**About this task**
The line holding "Handcast Pewter Mini" is the last one to output; start at the first line of the data, keep every line in between exactly, and leave out pictures.

>>>>

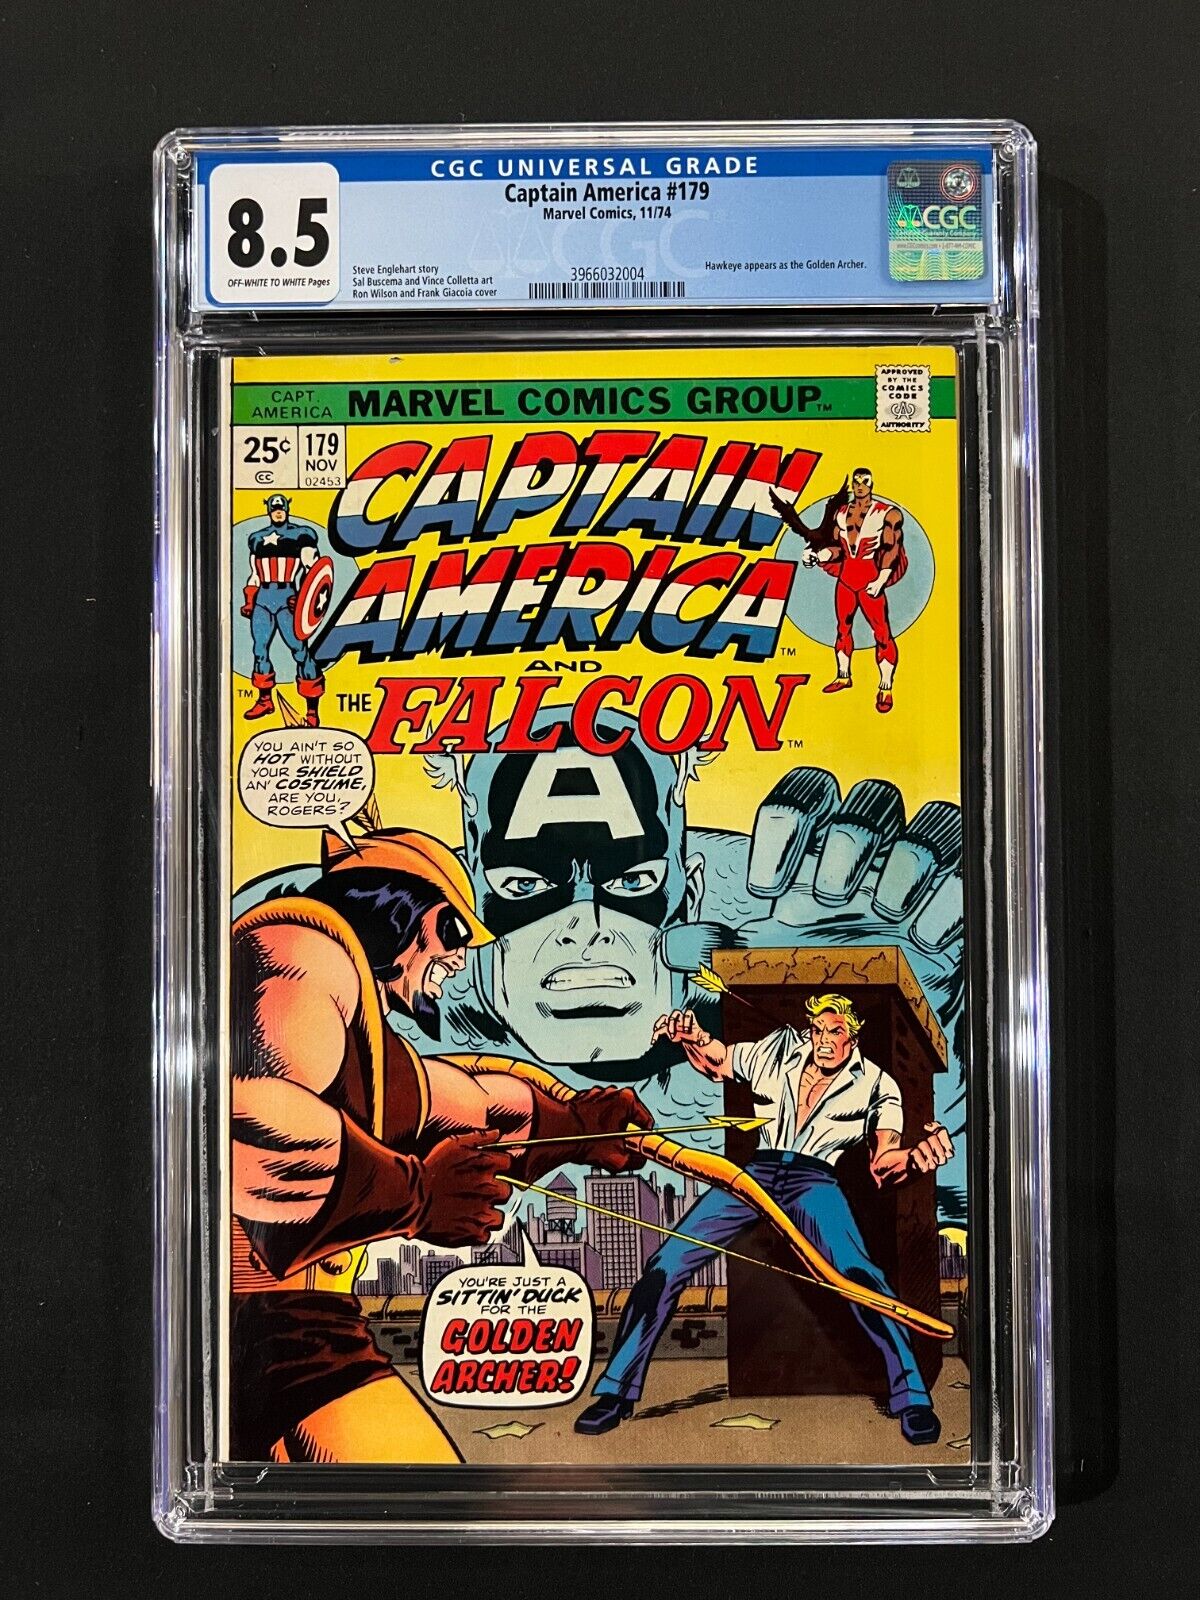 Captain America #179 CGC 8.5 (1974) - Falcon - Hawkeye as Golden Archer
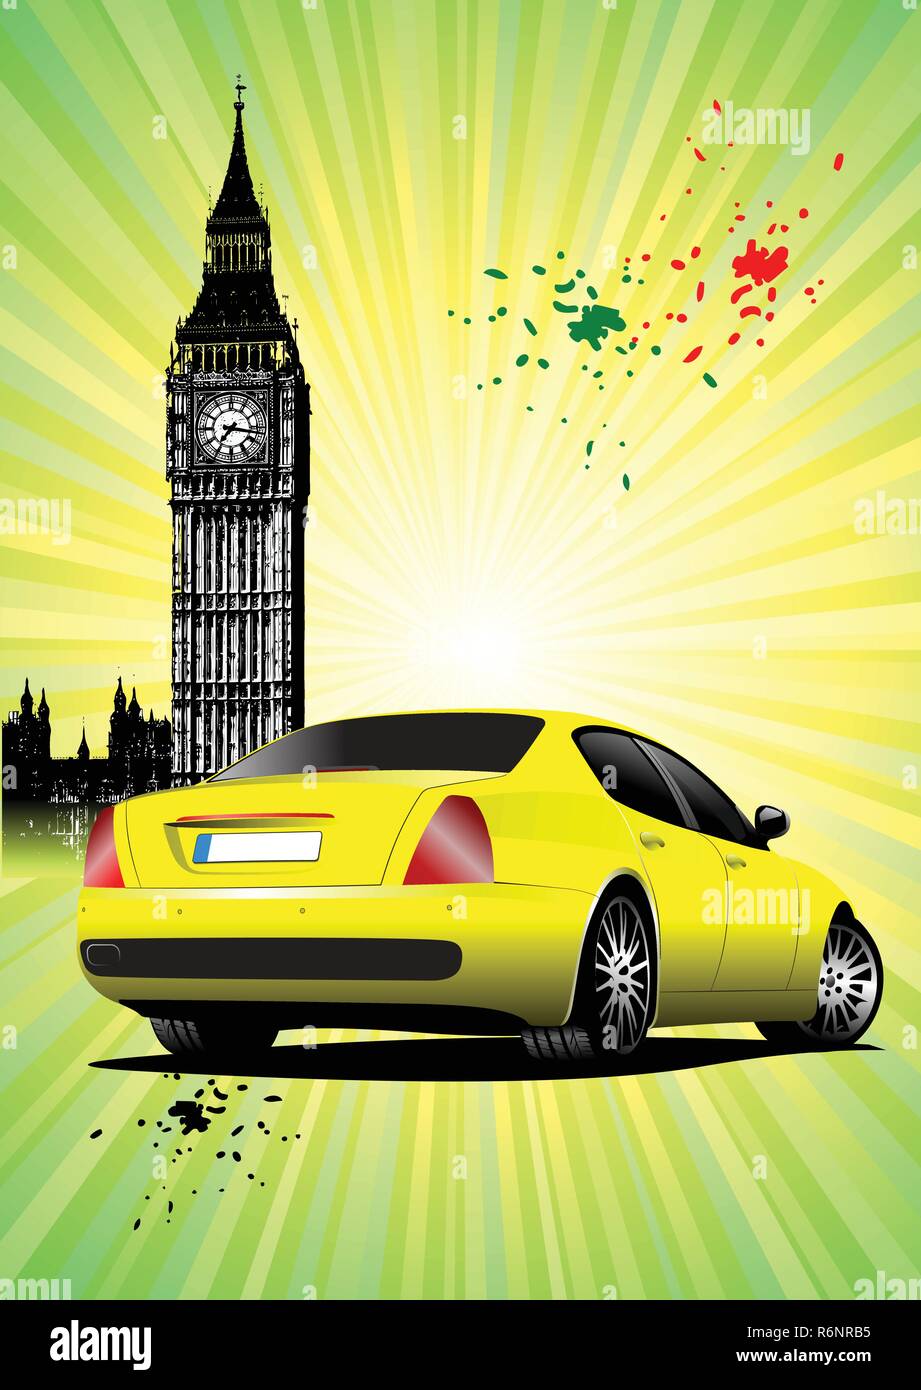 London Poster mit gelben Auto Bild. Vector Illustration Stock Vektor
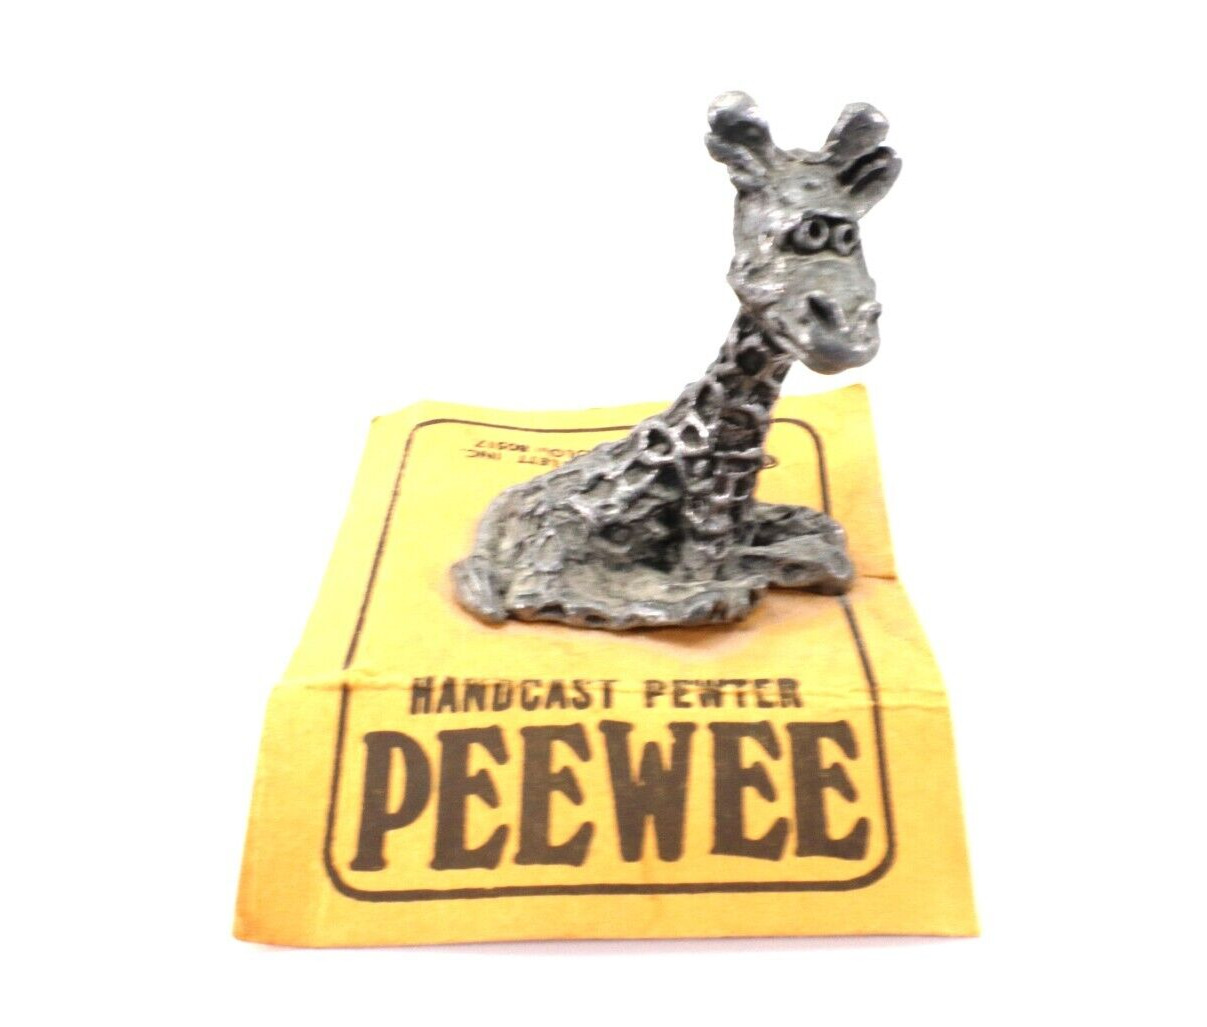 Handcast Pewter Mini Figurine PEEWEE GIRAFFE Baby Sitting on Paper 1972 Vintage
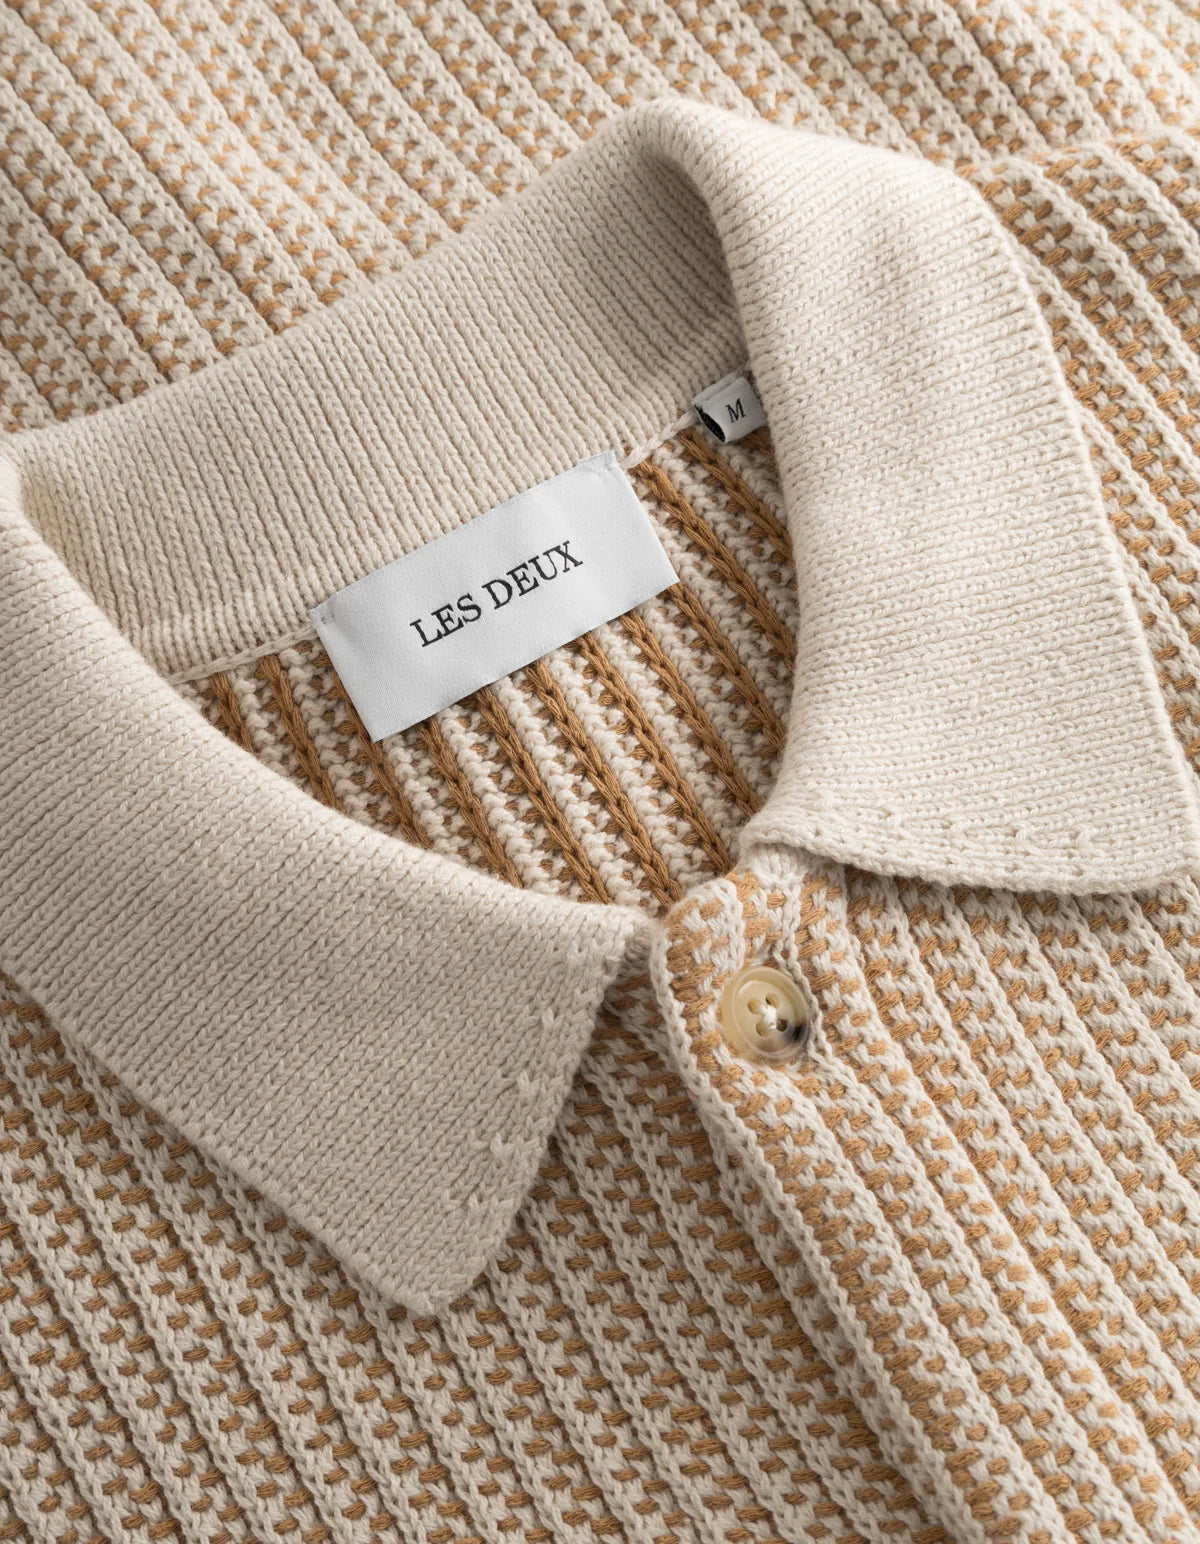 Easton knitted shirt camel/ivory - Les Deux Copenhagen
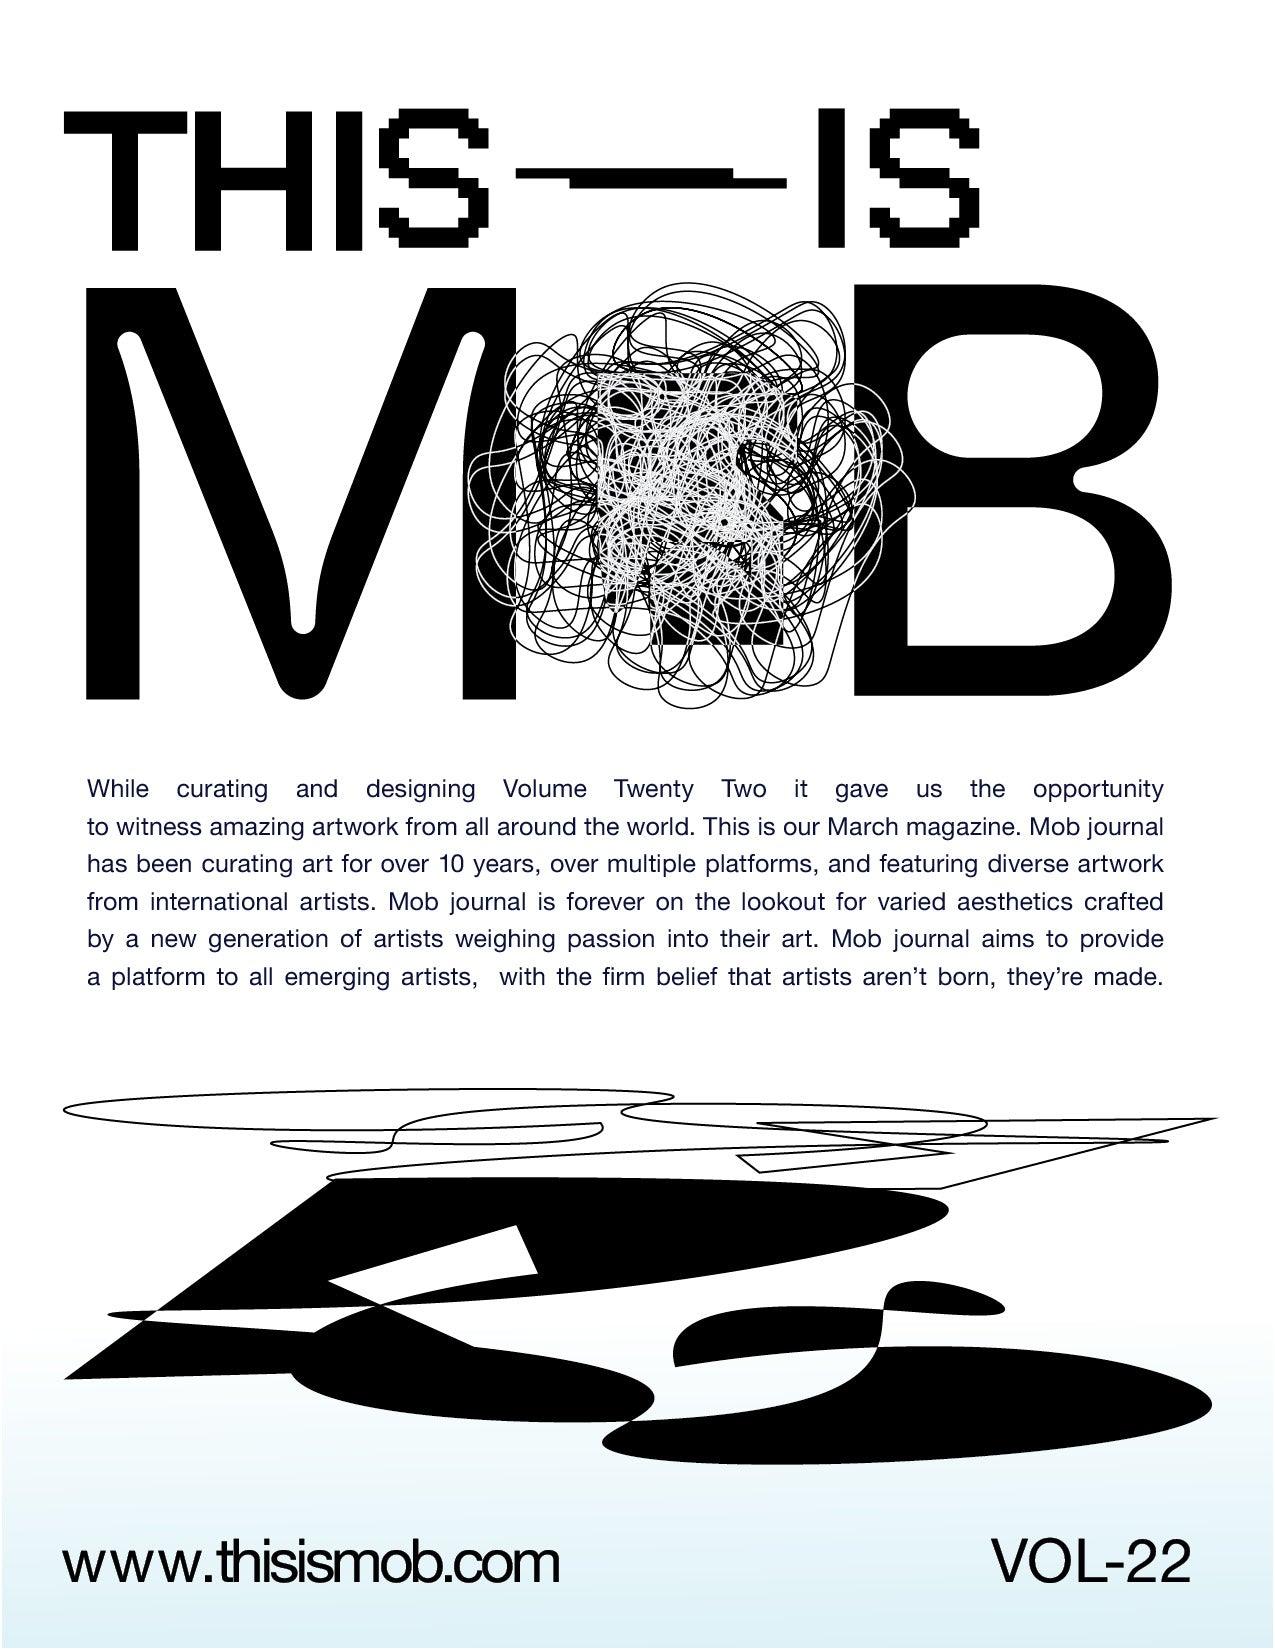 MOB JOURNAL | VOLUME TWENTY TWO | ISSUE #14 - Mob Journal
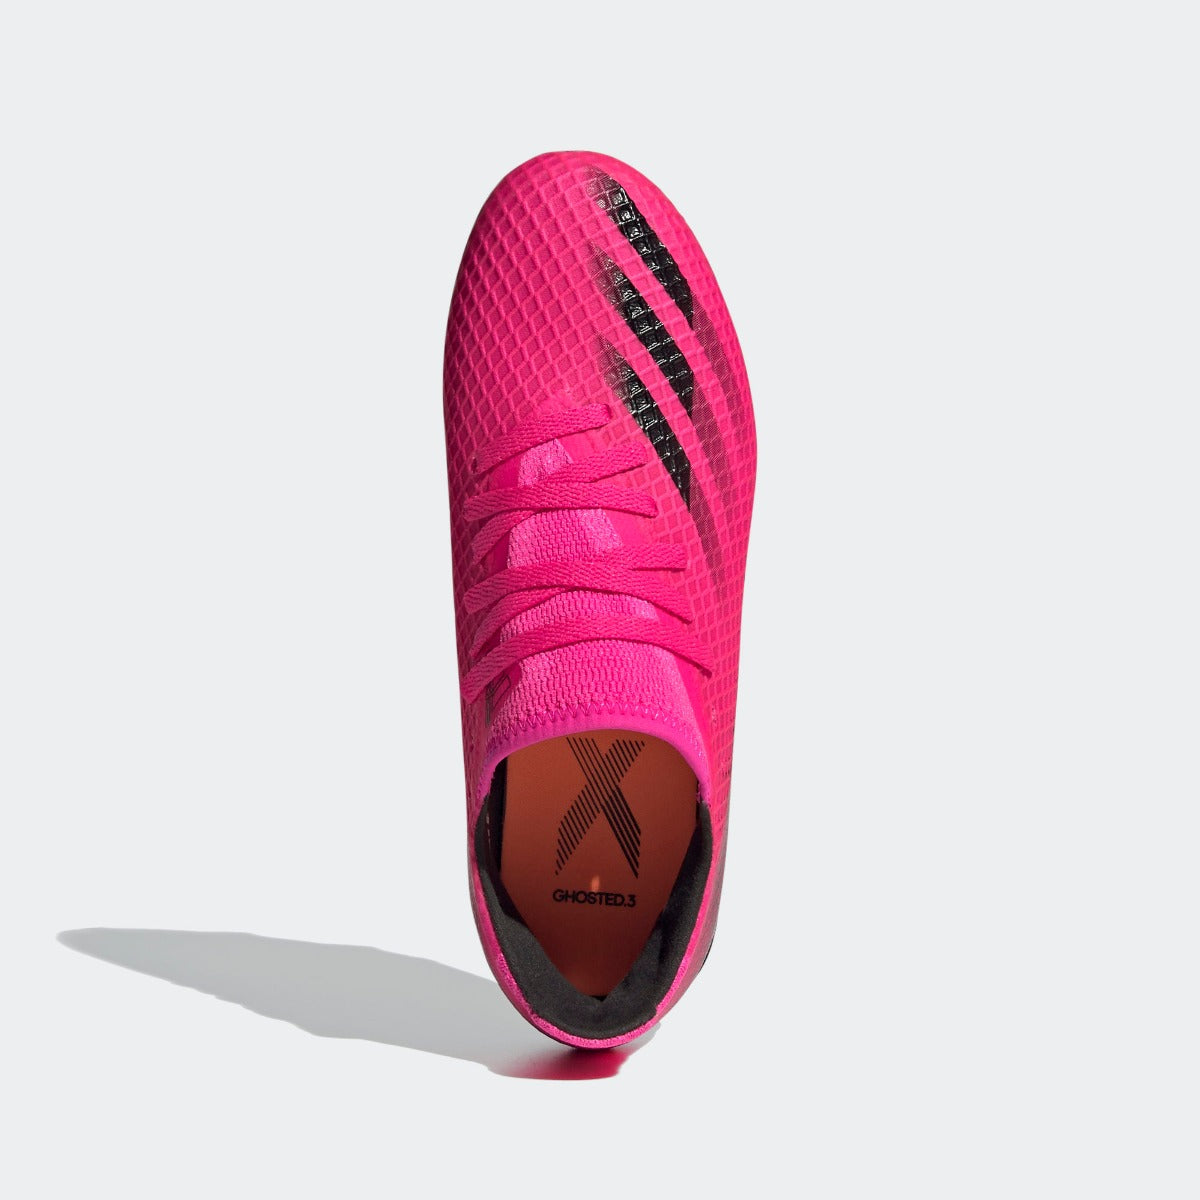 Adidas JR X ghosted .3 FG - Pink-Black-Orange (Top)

<<<<

**Written reply**
 Captain America #179 CGC 8.5 (1974) - Falcon - Hawkeye as Golden Archer
 London Poster mit gelben Auto Bild. Vector Illustration Stock Vektor
 Handcast Pewter Mini Figurine PEEWEE GIRAFFE Baby Sitting on Paper 1972 Vintage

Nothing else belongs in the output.